Keywords: COVID-19, SARS-CoV-2, Asymptomatic carrier, Incubation period, Pneumonia
Abstract
Objectives
With the ongoing outbreak of COVID-19 around the world, it has become a worldwide health concern. One previous study reported a family cluster with an asymptomatic transmission of COVID-19. Here, we report another series of cases and further demonstrate the repeatability of the transmission of COVID-19 by pre-symptomatic carriers.
Methods
A familial cluster of five patients associated with COVID-19 was enrolled in the hospital. We collected epidemiological and clinical characteristics, laboratory outcomes from electronic medical records, and also verified them with the patients and their families.
Results
Among them, three family members (Case 3/4/5) had returned from Wuhan. Additionally, two family members, those who had not traveled to Wuhan, also contracted COVID-19 after contacting with the other three family members. Case 1 developed severe pneumonia and was admitted to the ICU. Case 3 and Case 5 presented fever and cough on days two through three of hospitalization and had ground-glass opacity changes in their lungs. Case 4 presented with diarrhea and pharyngalgia after admission without radiographic abnormalities. Case 2 presented no clinical nor radiographic abnormalities. All five cases had an increasing level of C-reactive protein.
Conclusions
Our findings indicate that COVID-19 can be transmitted by asymptomatic carriers during the incubation period.
1. Introduction
On Dec 31, 2019, the government of Hubei Province, China, first reported a group of confused patients with pneumonia (The Central Government of the People's Republic of China, 2020). Metagenomics sequencing analysis revealed a novel coronavirus, which was officially named SARS-CoV-2 and is the cause of the disease called COVID-19 (World Health Organization, 2020a). The National Health Commission (NHC) established COVID-19 as a category B infectious disease with A-class management on Jan 20 (The Central Government of the People's Republic of China, 2020). Furthermore, on Jan 30, the WHO issued a Public Health Emergency of International Concern (PHEIC) alarm and appealed to specialists all over the world to work together to control the rapid spread of COVID-19. As of Mar 8, there had been 80,859 confirmed COVID-19 patients in China, including 3,100 deaths. Internationally, over 100 countries have now reported laboratory-confirmed cases, including a total of 24,031 cases (World Health Organization, 2020b). As of March 27, 2020, the World Health Association reports that there are 465,915 confirmed cases of COVID-19 worldwide; 21,031 have died, a mortality rate of about 4.5%.

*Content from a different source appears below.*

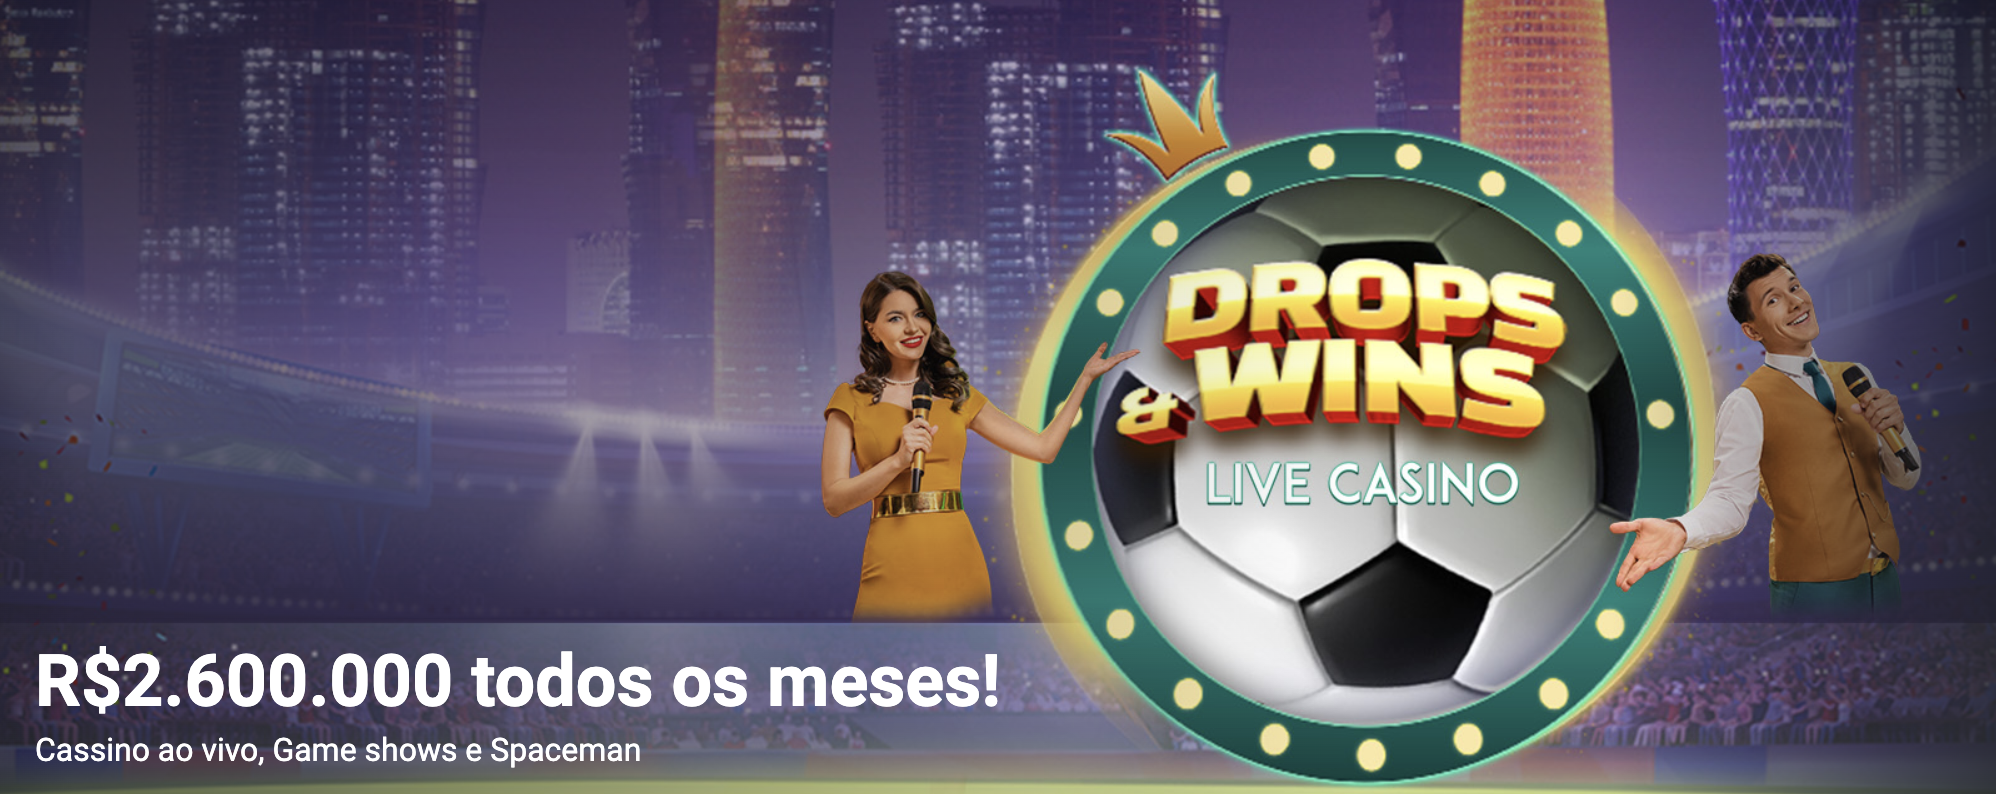 Betano Drops & Wins | R$2.600.000 em Prêmios Diários

The first clinical data from 41 individuals with a confirmed diagnosis of COVID-19 from Wuhan, China, have been published (Huang et al., 2020). Most of them had been directly exposed to the Wuhan wholesale seafood market, which sells freshly slaughtered game animals that were the original infection source (Huang et al., 2020). The present data strongly suggest that game animals or mammals were probably intermediate hosts of SARS-CoV-2 that originated from the Chinese horseshoe bat (Zhou et al., 2020, Lu et al., 2020). The virus has preferential tropism to human airway epithelial cells through the same cellular receptor as that for SARS, angiotensin-converting enzyme 2 (ACE2), which is a central body receptor for the surface glycoprotein S of the virus (Munster et al., 2020). The way to ascertain disease depends on positive real-time reverse transcription-polymerase chain reaction (rRT-PCR) results for SARS-CoV-2 nucleic acid. The associated mortality rates are 2-3% (World Health Organization, 2020b, Chen et al., 2020). Currently, there are no definite antiviral therapies or vaccines for COVID-19, although some drugs are under investigation.
With the extensive outbreak of COVID-19, a mass of studies in the larger population have been reported. Obviously, the total number of cases and transmission events have far exceeded those of SARS and H1N1. Wu et al. (2020) found that the mean R0 of COVID-19 was approximately 2.68 (95% CI: 2.47-2.86). An increasing number of outbreaks of familial transmission stressed the possibility of person-to-person transmission (Chan et al., 2020, Rothe et al., 2020, Phan et al., 2020). The measures in which public health officials quarantine confirmed cases and isolate intimate patients are significant progress in controlling COVID-19. Another question for consideration is a group of asymptomatically infected individuals, which may propagate the virus and impede infection control (Zhou et al., 2020, Zhang et al., 2020). Bai et al. (2020) presented clinical data showing a familial cluster of five patients with COVID-19 and one asymptomatic family member, which presumed the possibility of infection from asymptomatic carriers.
In this study, we report the clinical features of a family cluster involving five COVID-19 cases in Luzhou. Three cases came from Wuhan, and the other two cases had not left Luzhou recently. Our data further verified the delivery of infection from asymptomatic carriers of COVID-19 during the incubation period.
2. Methods
On Feb. 4, a 50-year-old woman (Case 1) was admitted to the People's Hospital of Luxian County (Luzhou, Sichuan Province, China) with fever, dizziness, cough, and shortness of breath. On examination, her maximum temperature was 39. 1 °C, and her blood pressure was 152/93 mmHg. A chest CT scan revealed massive shadows of high density in the lungs. The local CDC performed rRT-PCR tests for SARS-CoV-2 nucleic acid, and a throat swab was positive (Ct values, 19). Case 1 was diagnosed and immediately isolated.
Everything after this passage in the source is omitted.